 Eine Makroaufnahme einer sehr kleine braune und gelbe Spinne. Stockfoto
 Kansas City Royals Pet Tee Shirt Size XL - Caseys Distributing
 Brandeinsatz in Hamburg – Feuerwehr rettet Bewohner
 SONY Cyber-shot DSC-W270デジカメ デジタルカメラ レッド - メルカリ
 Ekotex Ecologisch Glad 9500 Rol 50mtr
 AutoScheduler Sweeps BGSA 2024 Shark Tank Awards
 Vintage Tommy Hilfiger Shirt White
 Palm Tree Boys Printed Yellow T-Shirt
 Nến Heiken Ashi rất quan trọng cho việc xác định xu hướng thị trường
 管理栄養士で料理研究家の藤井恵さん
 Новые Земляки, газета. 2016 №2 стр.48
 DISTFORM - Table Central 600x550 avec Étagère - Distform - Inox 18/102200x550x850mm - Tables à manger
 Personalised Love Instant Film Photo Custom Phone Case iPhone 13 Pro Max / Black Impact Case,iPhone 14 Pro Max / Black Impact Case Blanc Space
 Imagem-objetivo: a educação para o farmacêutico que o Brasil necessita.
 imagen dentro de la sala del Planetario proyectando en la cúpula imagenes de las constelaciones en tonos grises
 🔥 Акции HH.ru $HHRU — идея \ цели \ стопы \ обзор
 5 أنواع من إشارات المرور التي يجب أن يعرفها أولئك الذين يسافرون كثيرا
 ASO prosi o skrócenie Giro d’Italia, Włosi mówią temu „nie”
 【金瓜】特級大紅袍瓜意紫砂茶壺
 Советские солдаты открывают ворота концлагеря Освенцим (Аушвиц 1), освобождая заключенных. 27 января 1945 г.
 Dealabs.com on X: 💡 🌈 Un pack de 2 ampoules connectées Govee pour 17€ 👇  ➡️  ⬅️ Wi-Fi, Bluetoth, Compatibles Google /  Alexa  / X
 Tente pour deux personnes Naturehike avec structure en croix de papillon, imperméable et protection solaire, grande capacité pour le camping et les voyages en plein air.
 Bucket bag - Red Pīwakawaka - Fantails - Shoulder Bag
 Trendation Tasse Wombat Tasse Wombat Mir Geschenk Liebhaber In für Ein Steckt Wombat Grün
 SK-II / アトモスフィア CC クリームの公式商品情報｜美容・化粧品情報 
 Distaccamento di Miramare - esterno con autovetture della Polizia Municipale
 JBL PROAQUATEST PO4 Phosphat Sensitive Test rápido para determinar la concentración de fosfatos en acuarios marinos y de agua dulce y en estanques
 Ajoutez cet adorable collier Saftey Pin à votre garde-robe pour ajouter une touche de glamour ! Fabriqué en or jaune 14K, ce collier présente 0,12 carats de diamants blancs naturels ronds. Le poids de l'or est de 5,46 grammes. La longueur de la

◆ ◆ ◆ ◆ ◆

### Exercise:
Scan the material above for the string "para". Return each line where it occurs.

### Written solution:
 Imagem-objetivo: a educação para o farmacêutico que o Brasil necessita.
 JBL PROAQUATEST PO4 Phosphat Sensitive Test rápido para determinar la concentración de fosfatos en acuarios marinos y de agua dulce y en estanques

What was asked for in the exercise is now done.